### Problem statement:
The data below should be restated word for word, pictures omitted.

### Supplied material:
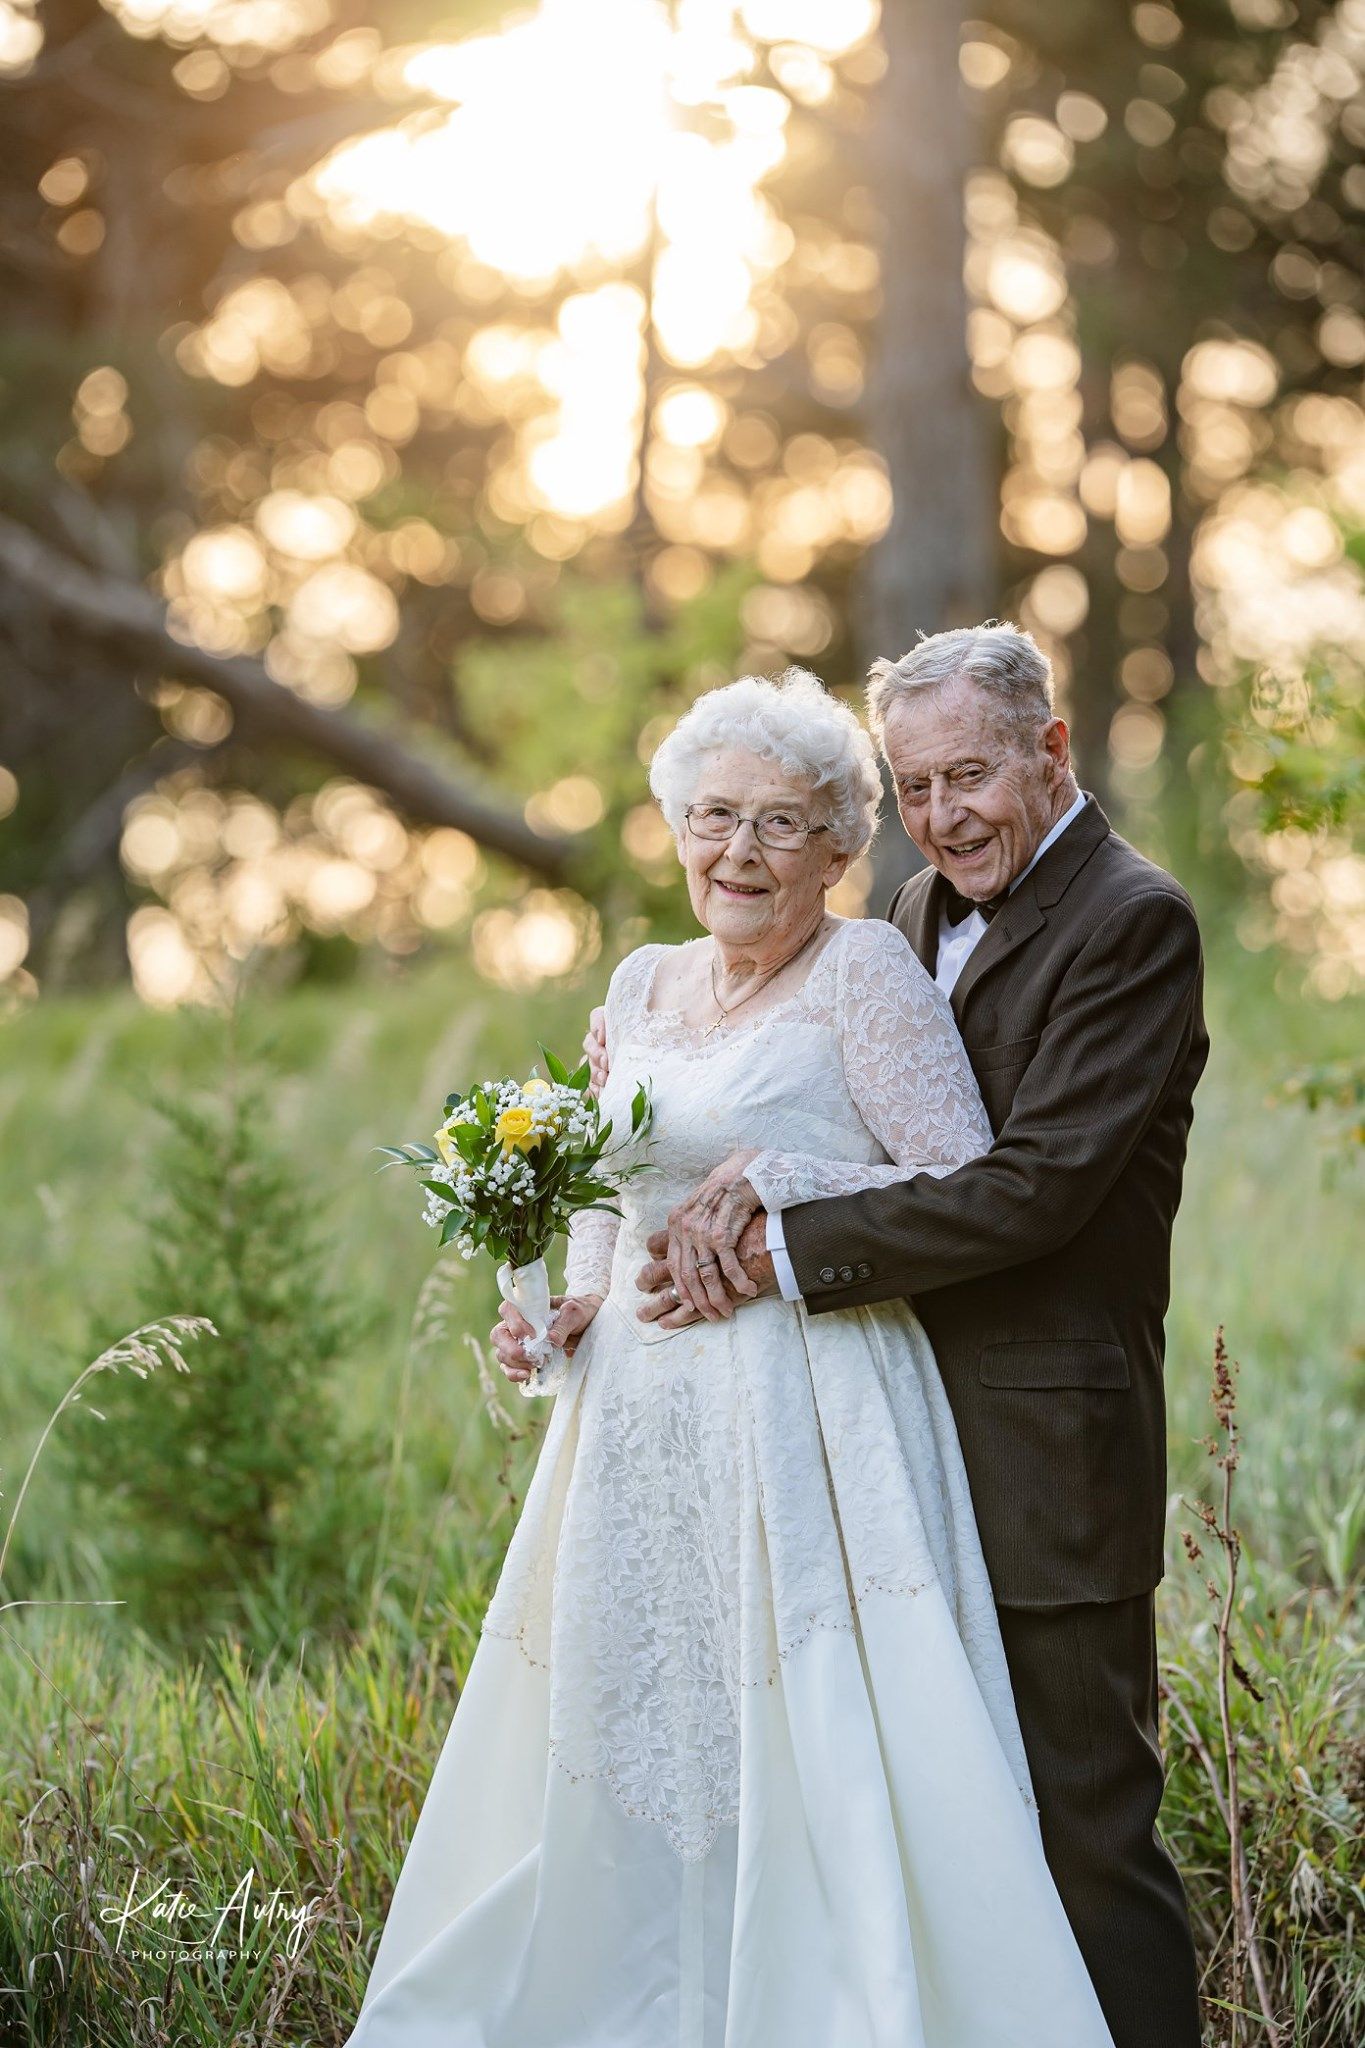 Recrean las fotos de su boda 60 años después y son adorables
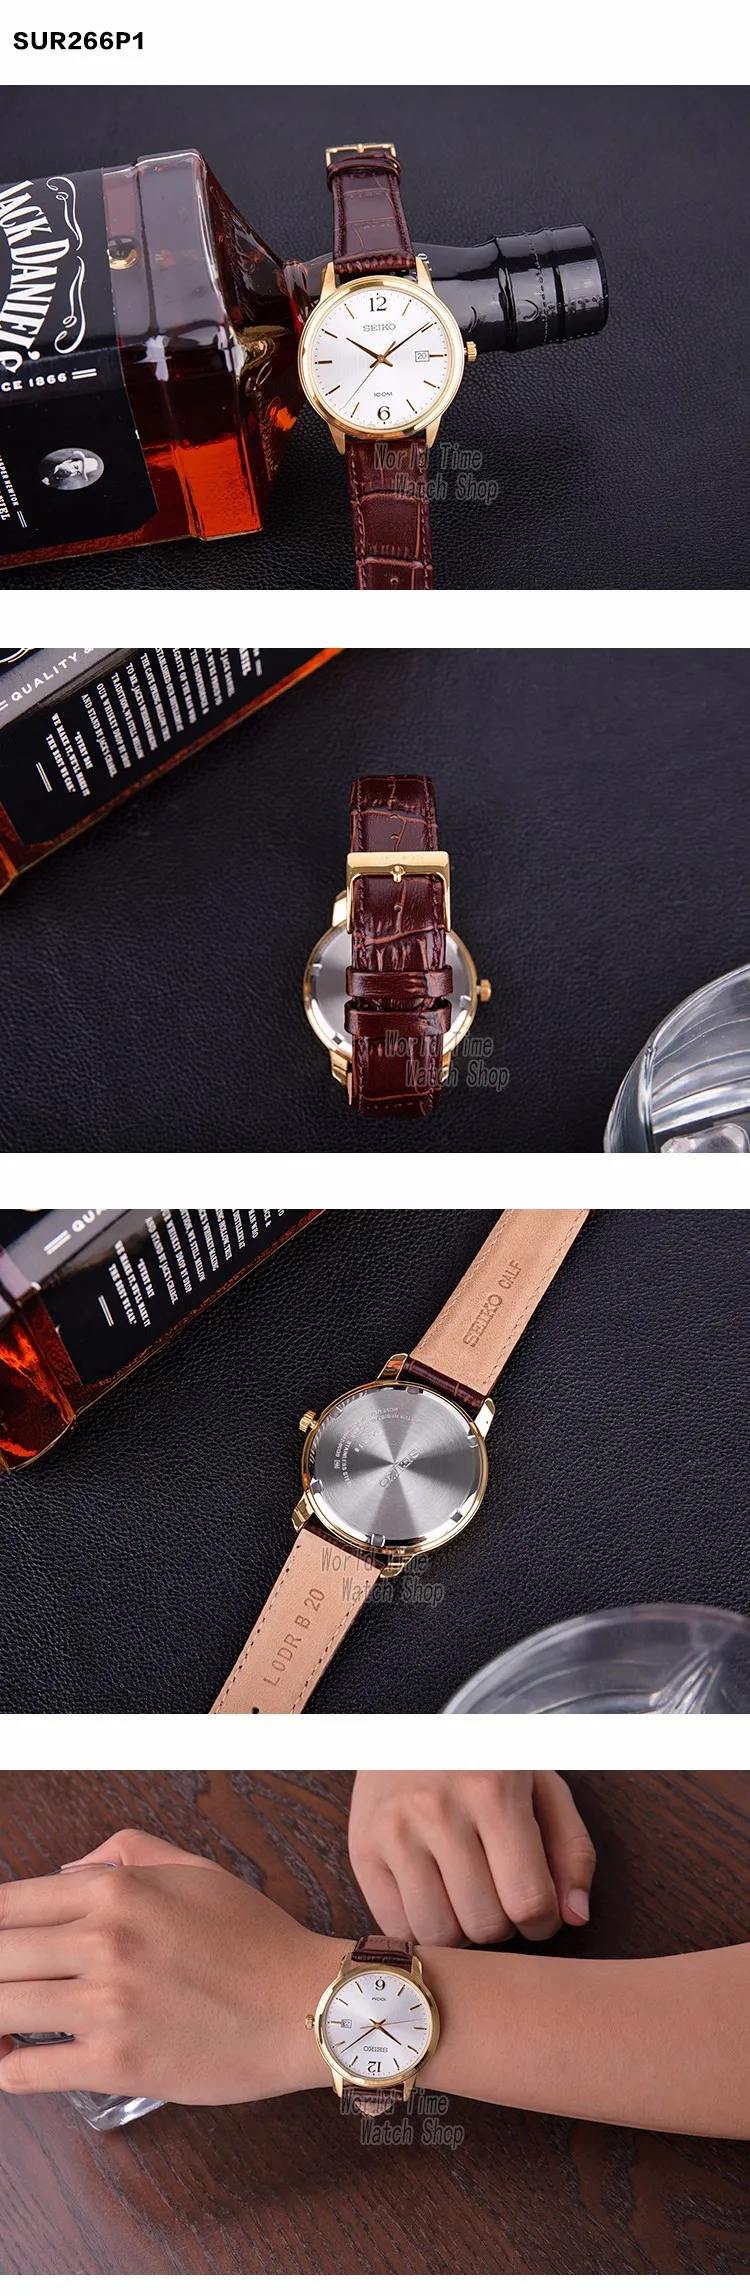 Seiko часы мужские Топ люксовый бренд водонепроницаемые спортивные наручные часы для мужчин Дата кварцевые часы мужские часы Relogio Masculin SUR263
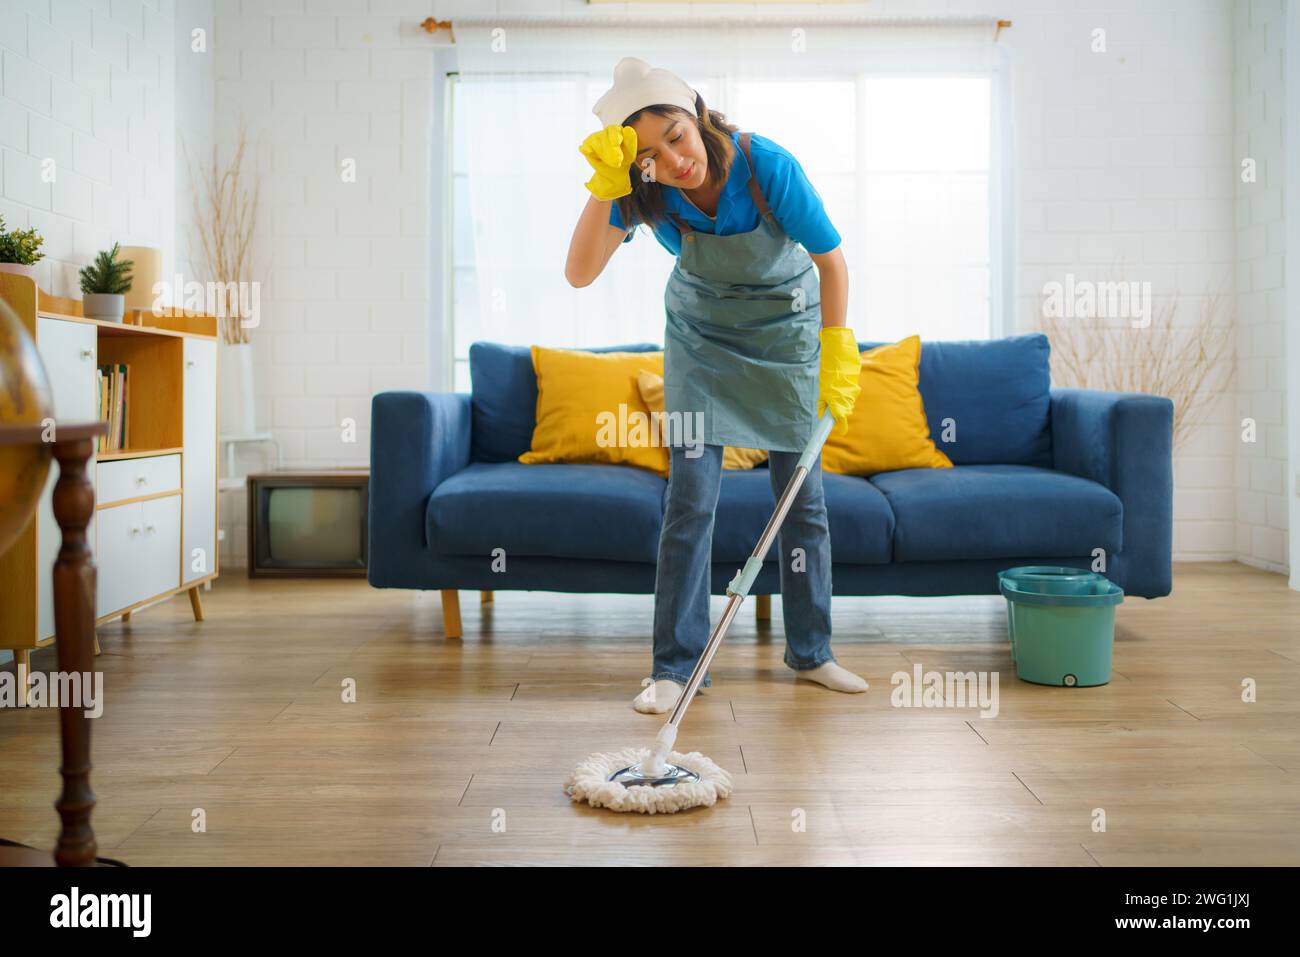 Femme de ménage comme elle nettoie lamentablement le sol dans le salon. Cette image reflète le travail acharné et le dévouement de l'équipe de nettoyage, mettant en valeur le c Banque D'Images

### Solution for this exercise:
 Recrean las fotos de su boda 60 años después y son adorables
 Seiko часы мужские Топ люксовый бренд водонепроницаемые спортивные наручные часы для мужчин Дата кварцевые часы мужские часы Relogio Masculin SUR263
 Femme de ménage comme elle nettoie lamentablement le sol dans le salon. Cette image reflète le travail acharné et le dévouement de l'équipe de nettoyage, mettant en valeur le c Banque D'Images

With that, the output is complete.